First, the reference signal from the temperature compensation oscillator (TCXO) divided by the appropriate integer should be within fref ± 10% of the channel spacing of the main PLL (2).

Secondly, the value obtained by multiplying an appropriate integer by the divided value is preferably within ± 2PPM of the target frequency (no practical problem until ± 10PPM, and considering that the VCXO type is ± 200PPM, the present invention has a frequency stability diagram. 100 times better).

Third, it is preferable that the oscillation frequency input to the fin of the sub PLL 20 responds to the desired frequency.

If this is expressed as a formula,

△ fmain> f _{TCXO /} R> 0.9 △ fmain

(1 + 2 × 10 ^-6 ) fosc> f _TCXO , N / R> (1-2 × 10 ^-6 ) fosc

Where N and R are integers greater than or equal to 4, Δfmain is the channel spacing of the main PLL 2, f _TCXO is the reference signal of the temperature compensation oscillator TCXO, and fosc is the oscillation frequency by the oscillator circuit 21. .

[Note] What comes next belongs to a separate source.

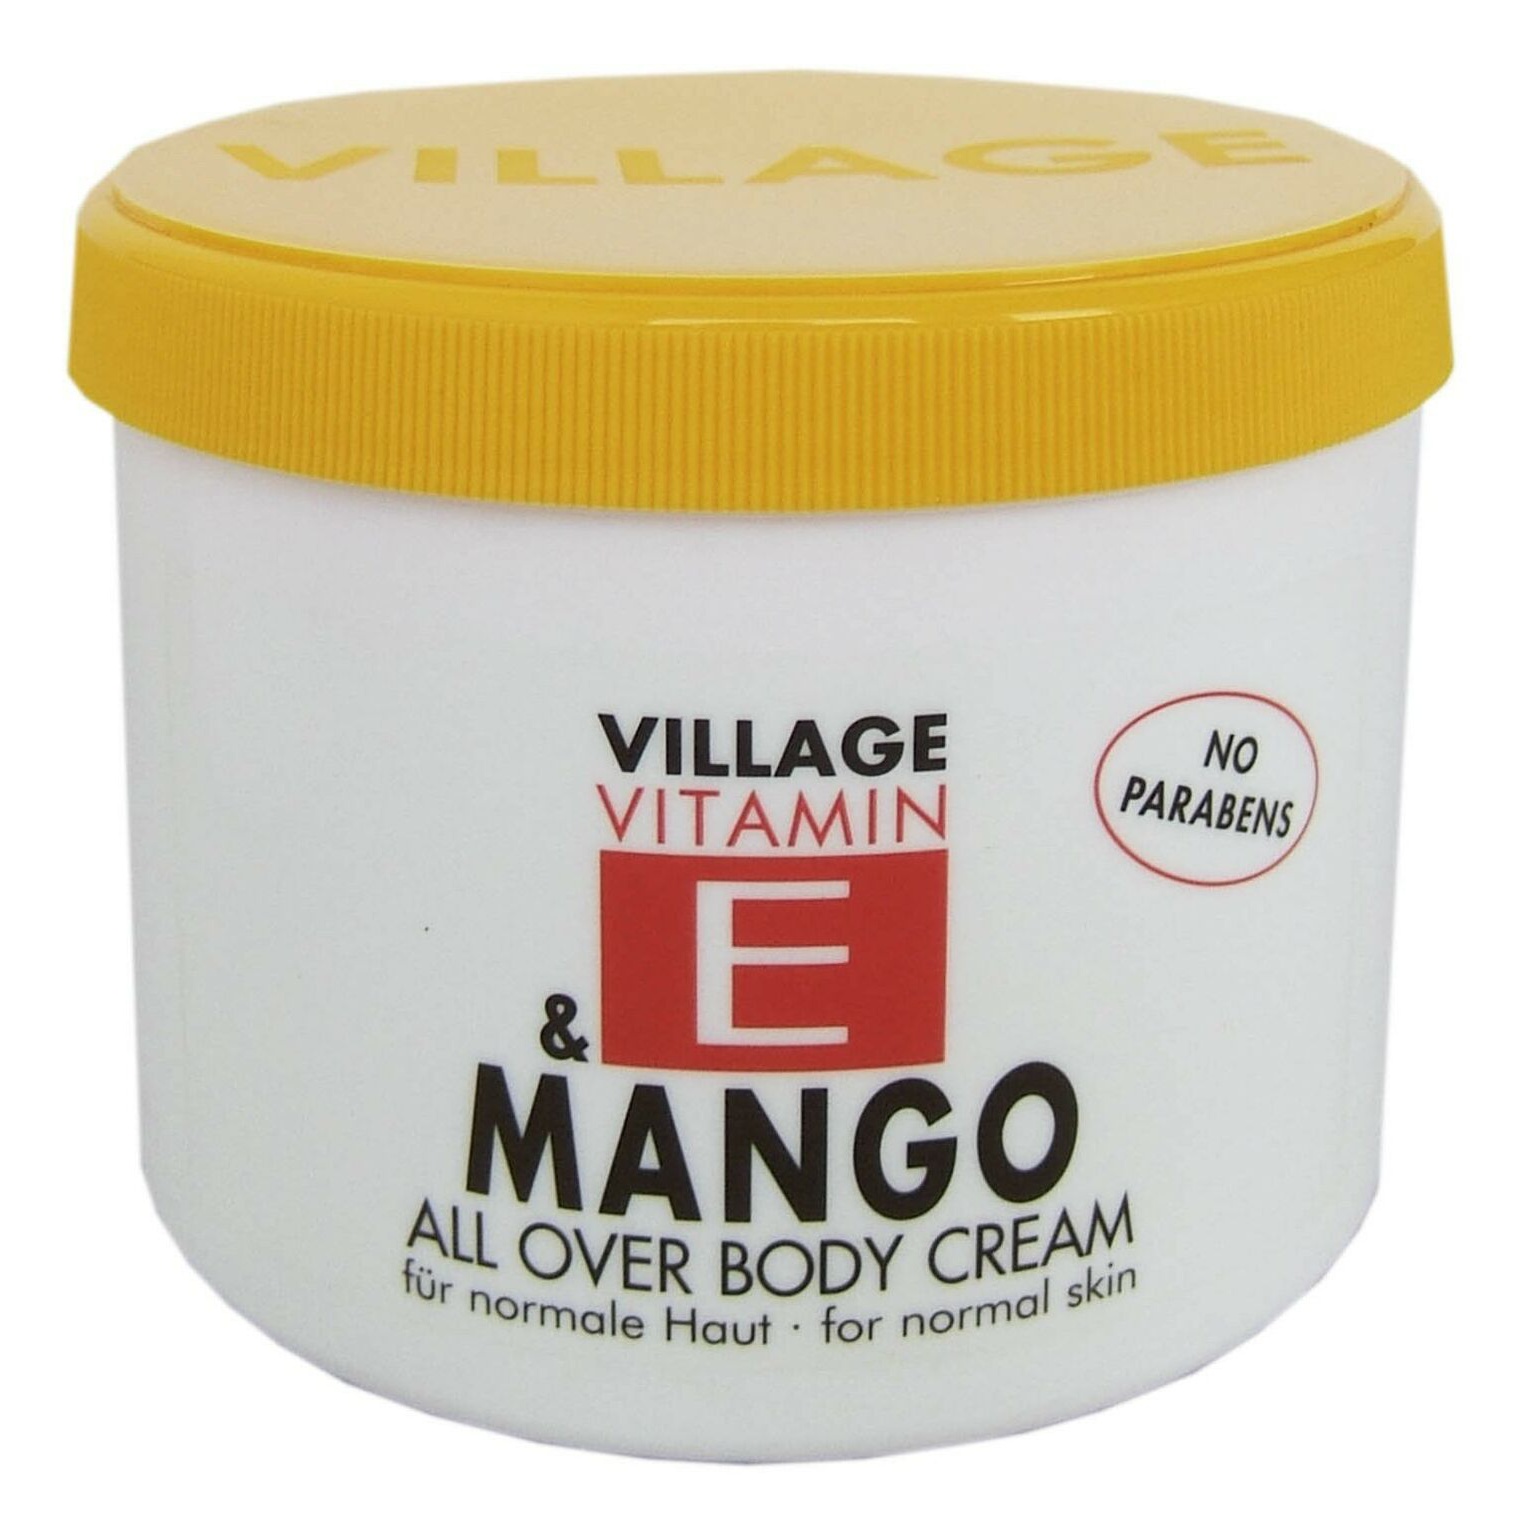 Village Vitamin E & Mango Body Cream

As described above, the present invention echo cancels by the main PLL and the sub PLL with the same loop constant, so that not only the echo cancellation is possible in the transfer band (modulation), but also the harmonic components and current consumption can be reduced, It can achieve about 100 times improvement, and in case of a mobile system (cell system), the reliability of the telephone line is not only improved (S / N increase of SAT) but also a set of voltage-controlled oscillator and high-quality PLL IC cost. This is reduced.

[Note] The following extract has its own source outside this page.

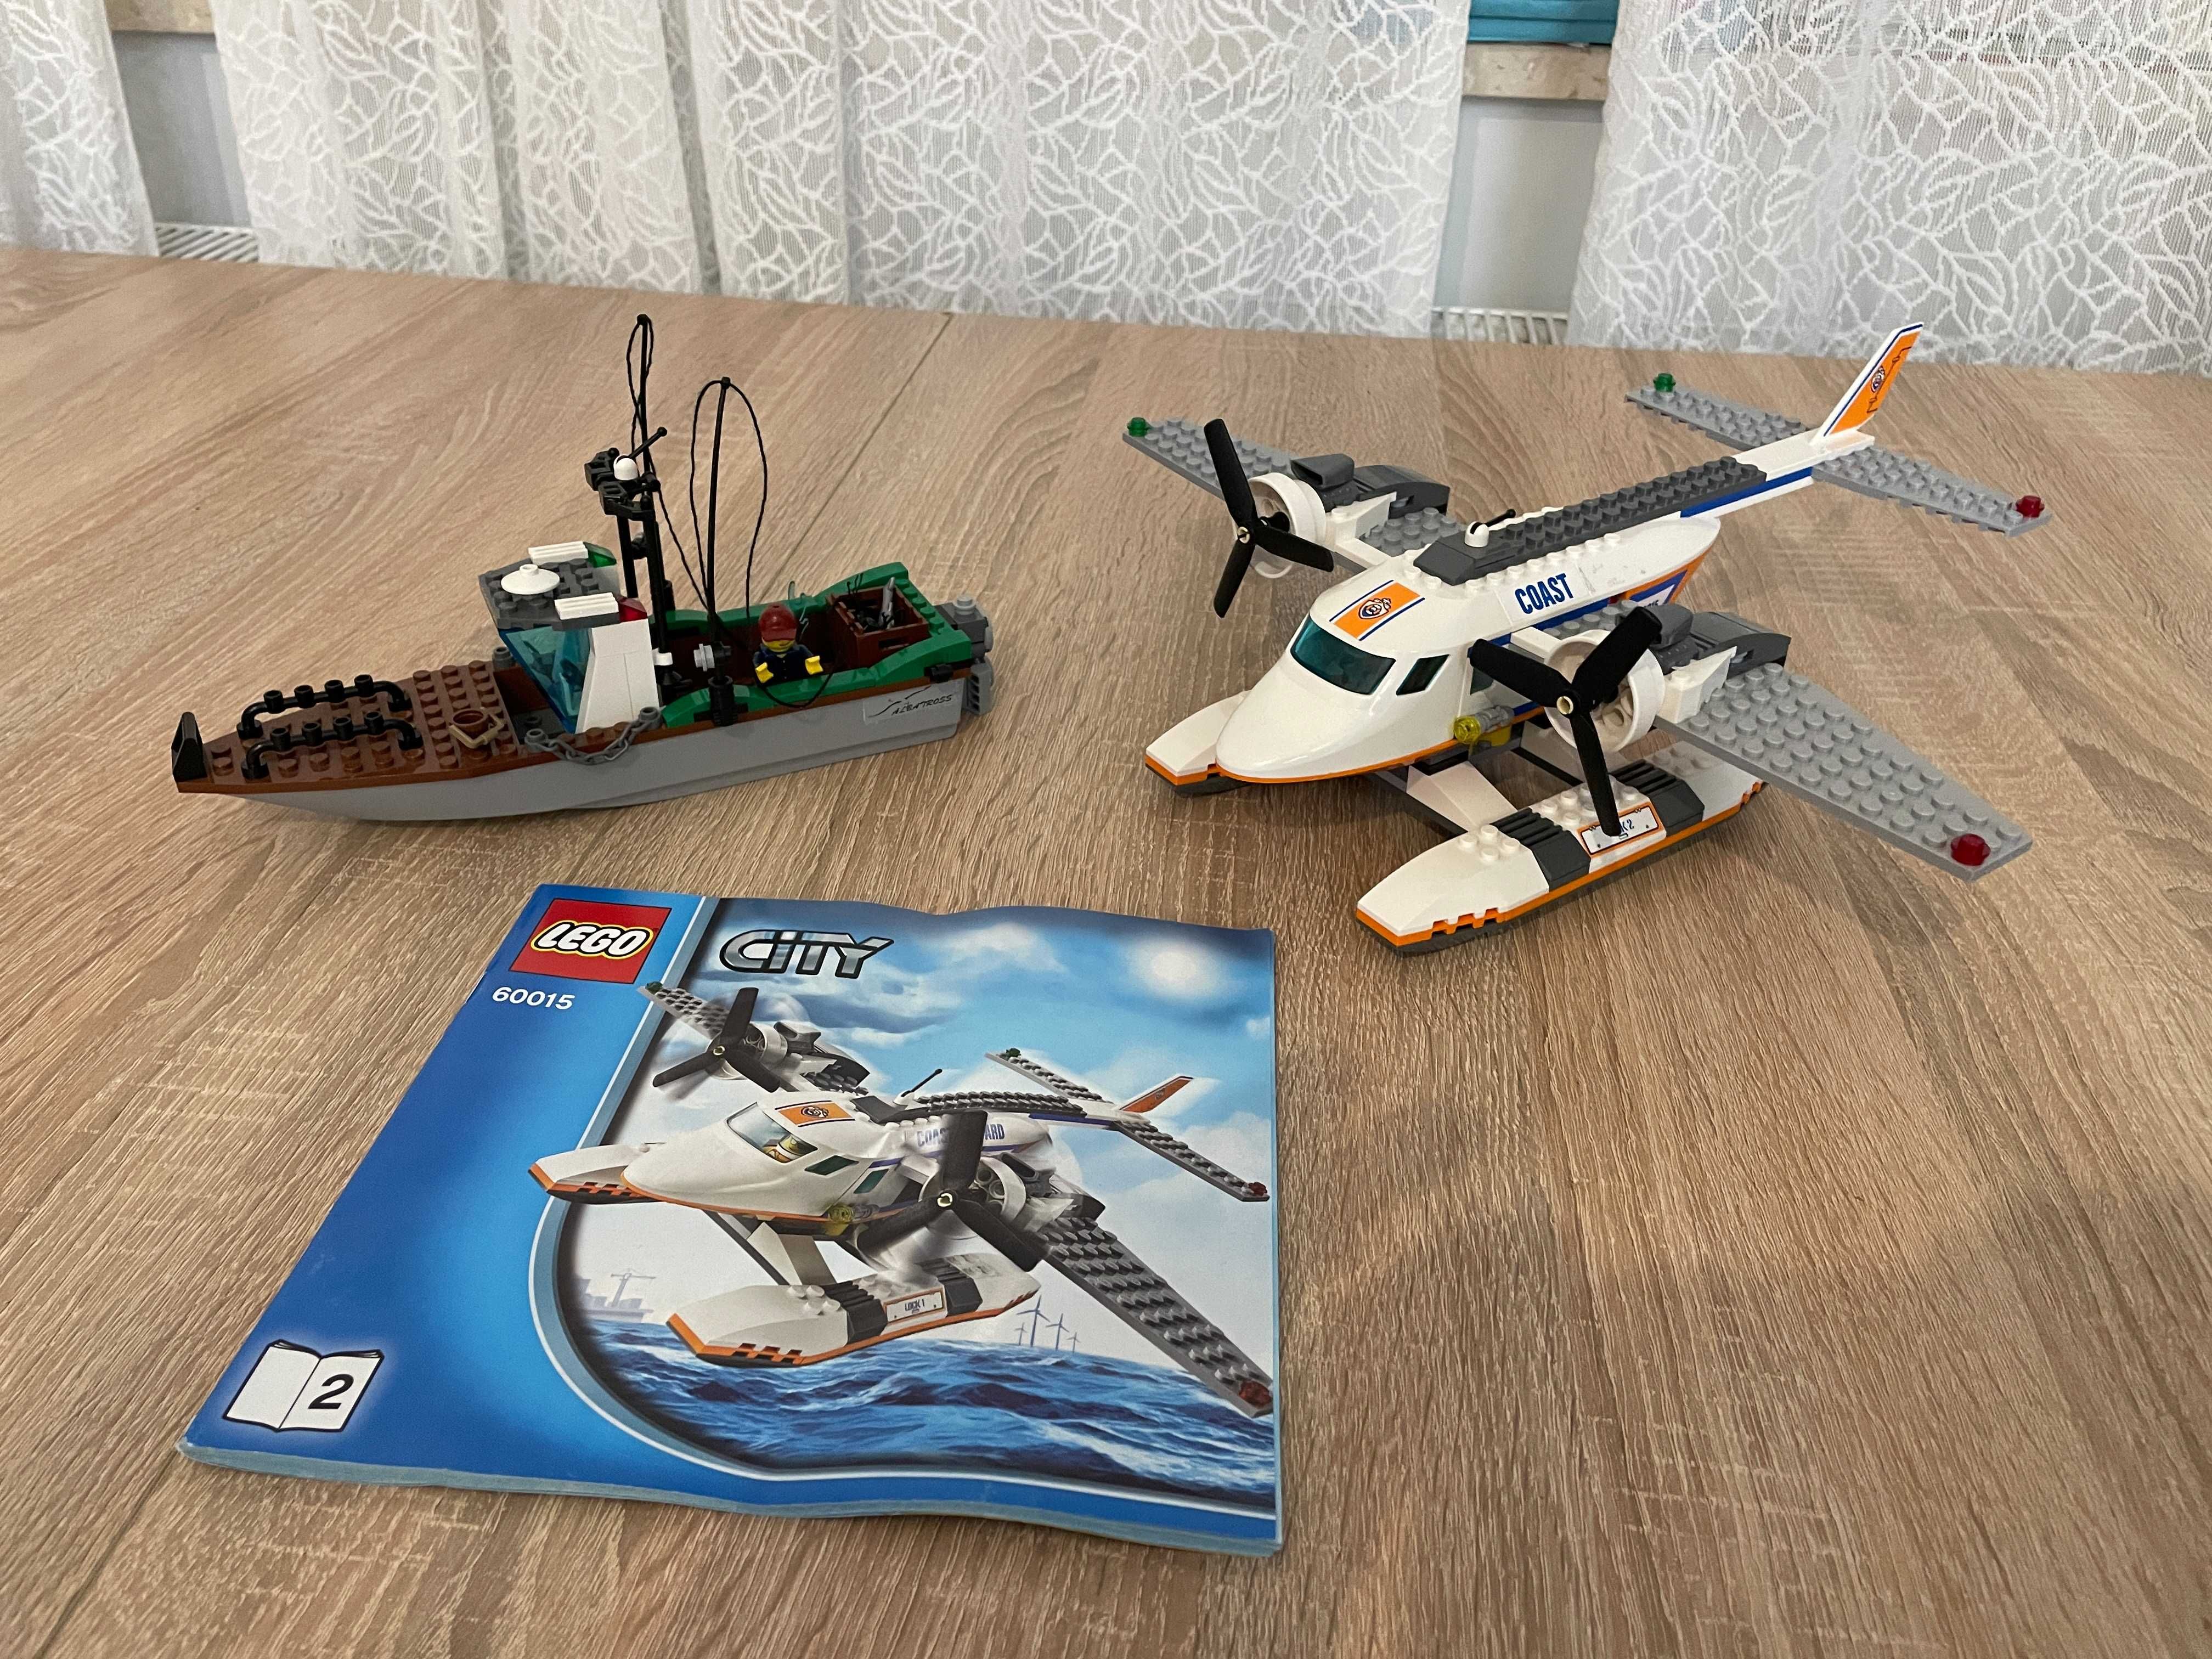 LEGO City 60015 Samolot straży przybrzeżnej

In addition, the PLL method is used for eco-cancellation, which reduces three or more adjustment points compared to the existing ones, thereby reducing manufacturing costs and improving productivity. Accordingly, no adjustment is possible, which reduces circuit design and test time, as well as external insertion and Eliminating the need for adjustment components allows for surface mount, minimizing the volume of the product.

Claims (1)

In constructing a 1-PLL echo cancel circuit of a wireless device, a sub PLL (20) which receives a reference signal from a temperature compensation oscillator (TCXO) simultaneously with the main PLL (2); An oscillation circuit 21 composed of a coil L and a condenser Co so as to provide an oscillation frequency to the second mixer 9 and the sub PLL 20; The phase error signal of the sub PLL 20 is connected to the oscillation circuit 21 and the capacitor C1 through a third-order passive loop filter LF consisting of resistors R1 to R4 and capacitors C3 and C4. A first barrier cap V1 injected to loop the oscillation frequency; The output of the phase shift amplifier 10 connected in parallel with the first vari cap V1 and shifted in response to a modulated signal includes a second vari cap V2 for performing echo cancellation modulation through the resistor R5. Eco-cancel circuit of a wireless device characterized in that.